Savannah is one of those people that come into your life and you take note. Incredibly smart, talented and kindhearted, Savannah picked me to be the one to capture her wedding day; how could I not accept? Joel is a match and a half for Savannah, and they had the most beautifully put together celebration I've ever seen.

Beyond all that, Savannah took the time to write a glowing review for me, and while I cannot read through it again without tearing up, I thought I'd share her kind words that almost speak more to her character than mine.
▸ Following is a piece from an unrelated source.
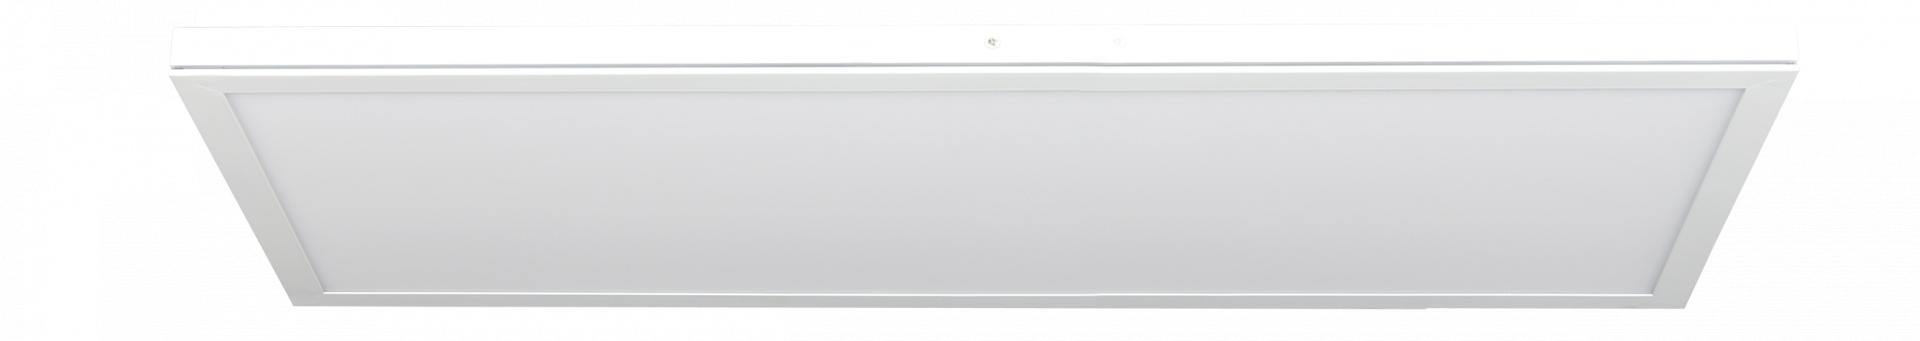 Panel Led Superficie Tolstoi 90x30 Blanco

"After a not so great experience with our engagement photos, we decided to contact Hilary for our wedding photos. Everyone we spoke to had amazing things to say not only about Hilary but also the quality of her work. From our first meeting together, Hilary made us feel at ease ensuring she would capture every moment of our special day. Sometimes, I thought she was more excited about my wedding than I was. Hilary exceeded our expectations throughout the day capturing over 800 individual memories that we will be able to cherish and look back on. She was always quick to return phone calls/emails/texts, always showed up on time, and was consistently professional throughout the planning process and on our wedding day. We had such a great experience with Hilary Spencer Creative Photography we can’t wait to do our “Trash the Dress” photo shoot with her. Hilary – thank you so much from the bottom of our hearts for doing such a wonderful job capturing a new chapter in our lives together."

I cannot say more to the amazing person that Savannah is, and the happiness that her and Joel have together and always.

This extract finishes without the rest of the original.